Совершенно отрешившись от больничной обстановки, Мина первая вышла из прекрасного забытья, услышав те самые отдаленные звуки каталки, которую заранее подвозила дежурная медсестра.

- Хонки, кажется, мне пора… - помертвевшим голосом, нехотя прервала она их настоящее веселье.

- Как, уже? Ещё пару минут… - ухватился за воздух парень, паникуя и приподнявшись. – Они же могут подождать?

- Нет, пора. – стараясь быть твердой, повторила Мина.

- Ладно, хорошо… ладно. – почти заикаясь, закивал сам себе Хонки, всё ещё ища какого-то волшебного средства, чтобы остановить время. – Ты это… в общем, я жду тебя тут. Поняла? Я тебя тут сижу и жду.

- Договорились, - бодро умудрилась пробормотать Мина, но тут же испугавшись и вздрогнув, понизила тон, сделавшийся минорным. – А если… если нет, Хонки?

- Какое ещё нет? Я дождусь тебя и точка! – нет, только не опять слезы! Парень потер глаза, ущипнул себя.

- Но всё-таки! А если нет? Я не прошу у тебя верности и…

- А если нет, - не дал ей сказать то, что ему было не по нраву певец. Губы его сузились от напряжения. – Если нет, то ты жди меня там. Обязательно жди, где бы это ни было.

Несколько часов

Отец Мины задремал в кресле гостиной, но так некрепко, что очнулся при первом же шелесте подошв Хонки о пол. Тот вышел с кухни, просидев на ней ещё минут десять после окончания разговора. Ноги затекли, и только разъединившись с девушкой, он ощутил усталость и резь не спавших глаз. Плечи обвисали вниз с каждым шагом, и сил двигаться будто бы не было. Мужчина внимательно посмотрел на него и сразу всё понял, но всё равно предпочел заговорить, чтобы траурное онемение не брызгало по квартире, как из аэрозоля.

- Повезли? – Хонки кивнул, кусая губы, чтобы не разрыдаться при этом взрослом человеке, который страдал не меньше, чем он сейчас. Если тот думал, что только ему никто не заменит дочь, то обратное ему доказывать не собирались, но Хонки нес в груди отзвуки последних слов Мины и знал, что этого ему тоже никто и никогда не заменит. Ни её грустно-понимающих очей, ни её профиля в пол-оборота, ни тех шестнадцати или семнадцати лет, что стали эталоном счастья для каждого мига его жизни.

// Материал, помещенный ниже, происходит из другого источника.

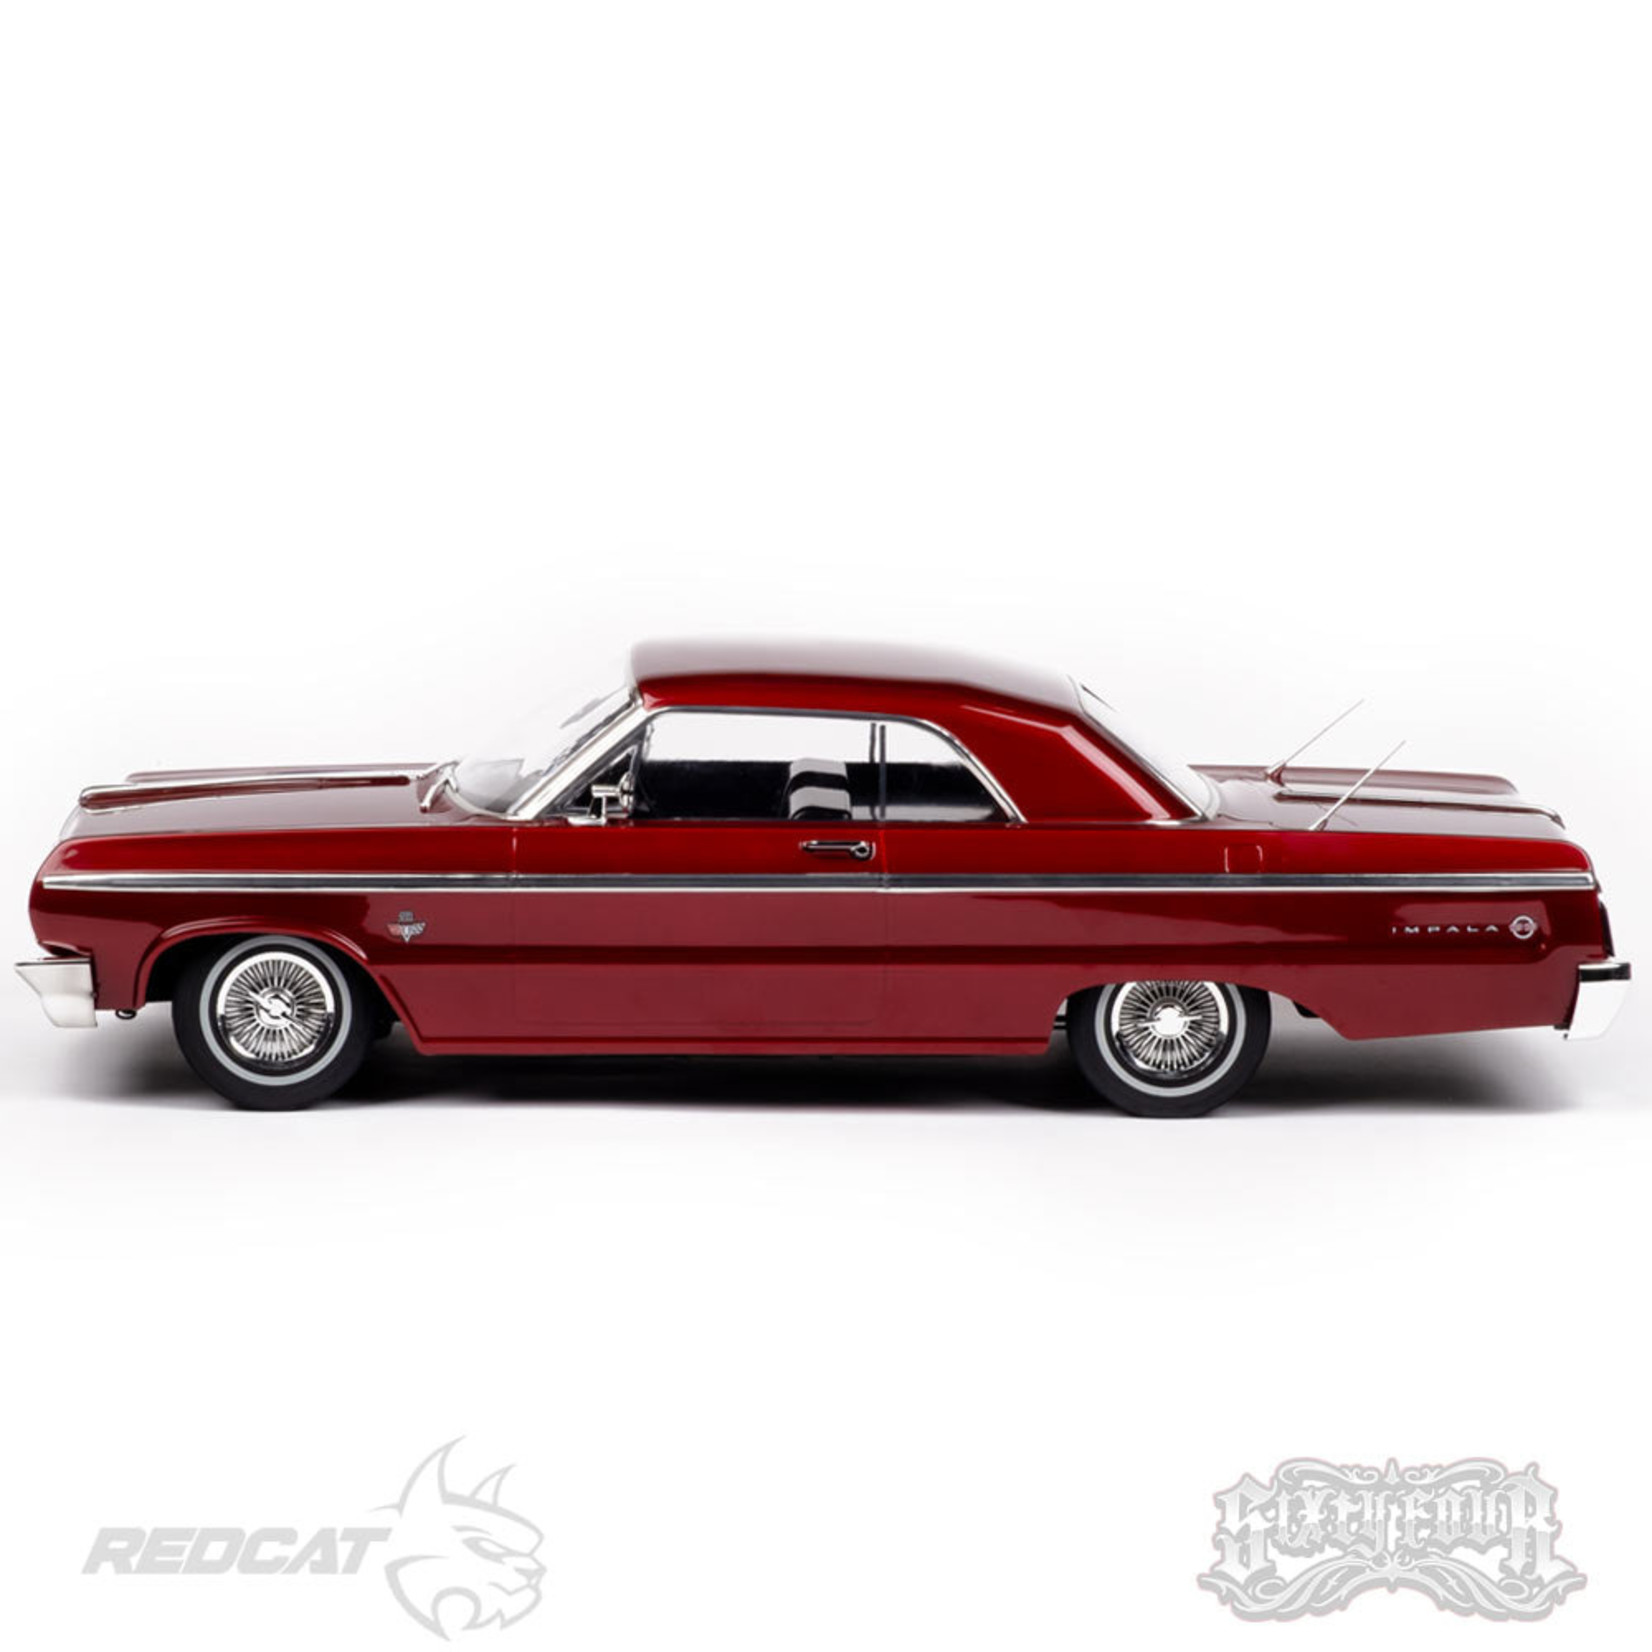 Redcat Racing RER13525 Redcat SixtyFour RC Car - 1:10 1964 Chevrolet Impala Hopping Lowrider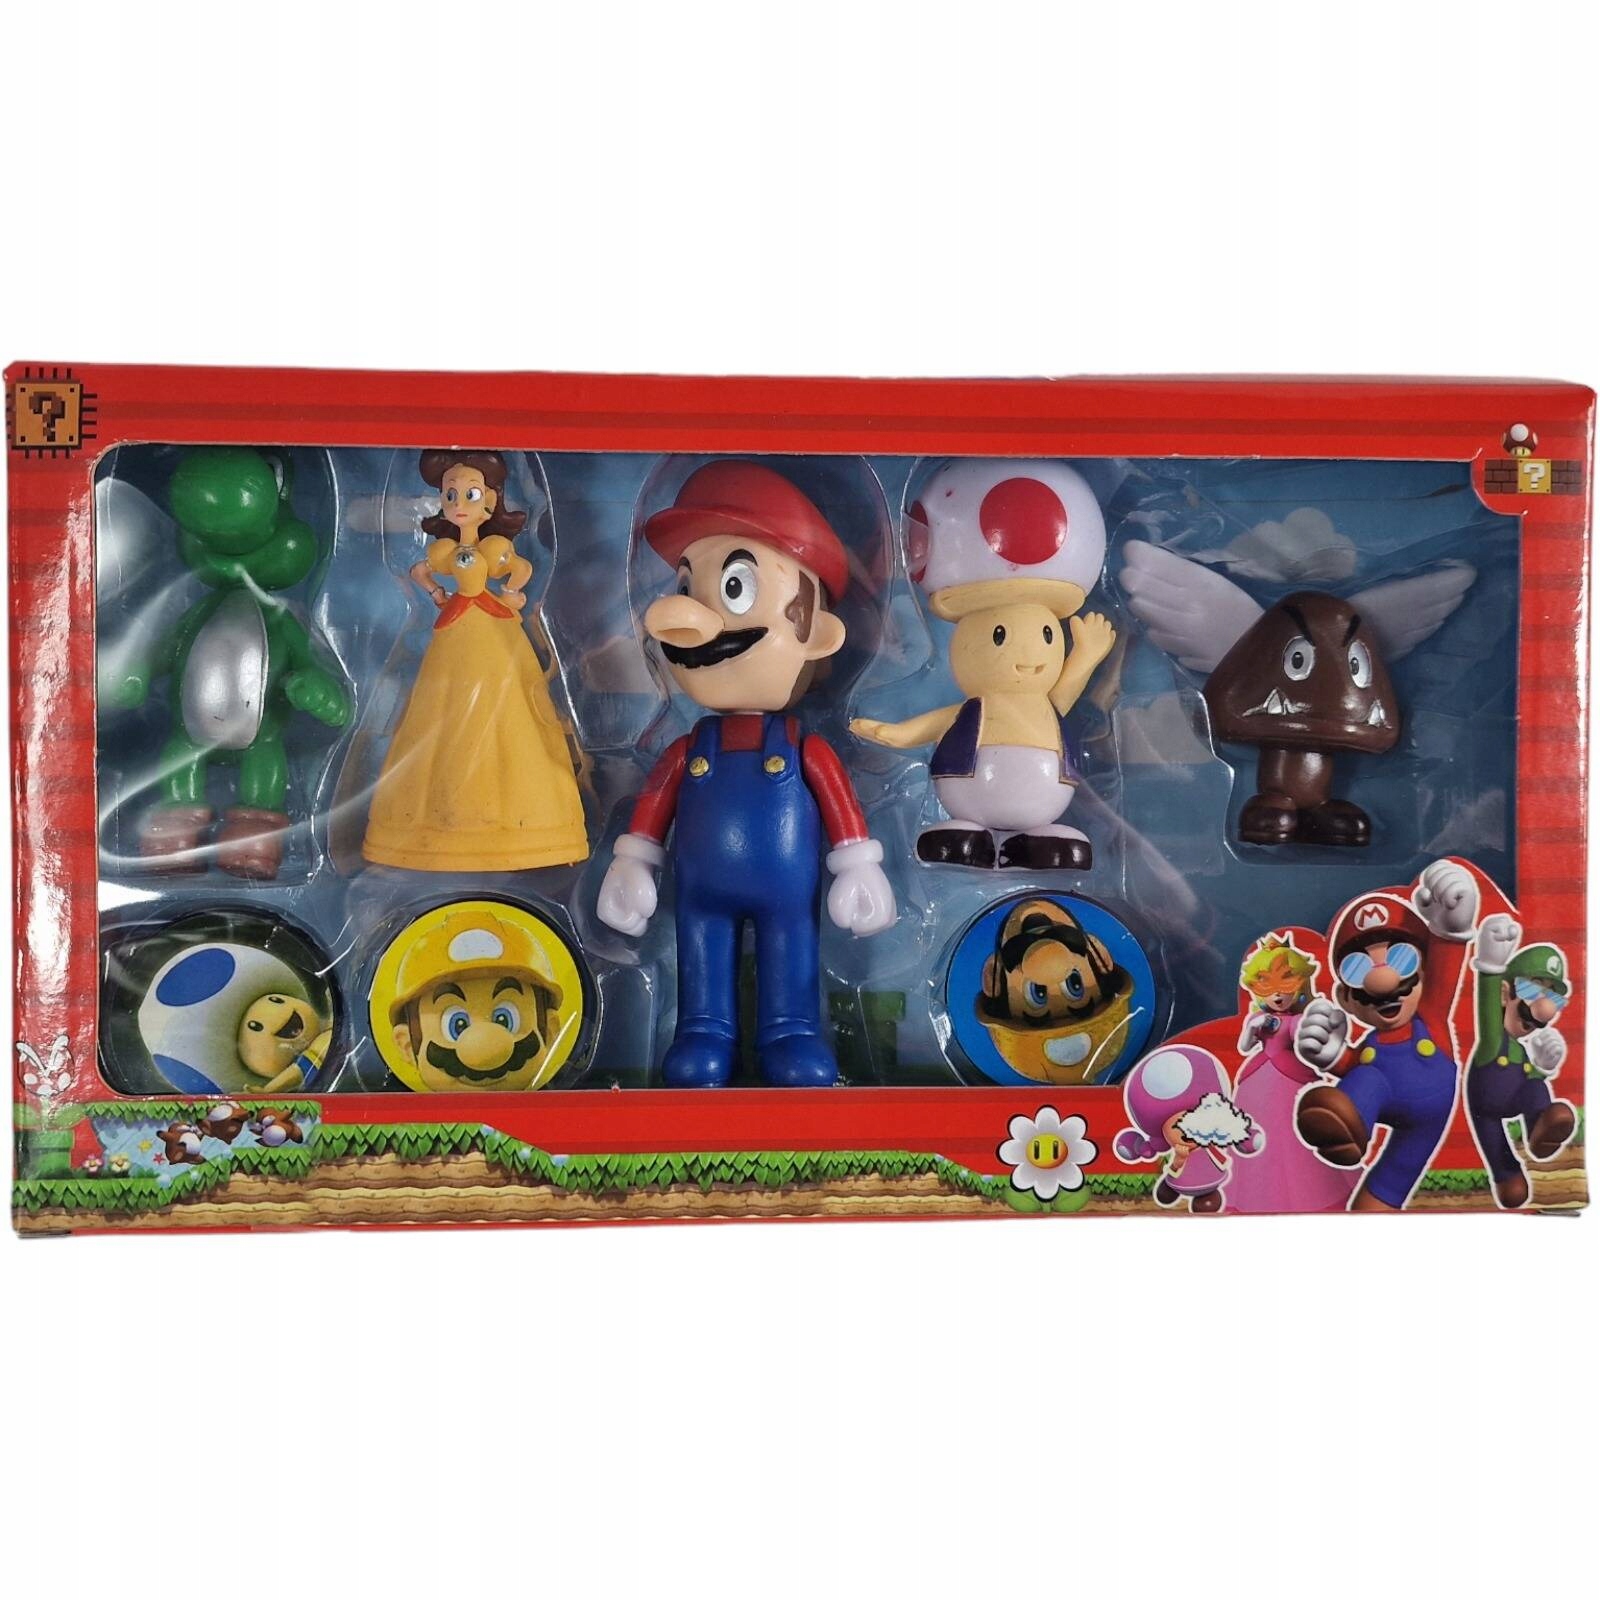 jusqu'à 3% Figurine Super Mario de Nintendo

- А когда… когда будет известно, чем… как… как всё прошло? – спросил осторожно парень.

- Сколько сейчас? – задался вопросом господин Чон и сам себе ответил, взглянув на часы. – Почти восемь. В прошлый раз операция длилась до четырех часов дня.

- Так долго? – возглас сорвался с губ, и Хонки тут же спохватился, замолчав. Разумеется, это же не носки штопать. – Извините… значит, часов до четырех дня?

- Да. – мужчина поднялся и указал в сторону спальни Мины. – Приляжешь? Можешь поспать там.

- Спасибо, но вряд ли я усну…

- Ты же всю ночь не спал? – отец девушки начал протирать глаза и вставать. – Не стесняйся. Думаю, дочь была бы не против, что ты побудешь в её комнате.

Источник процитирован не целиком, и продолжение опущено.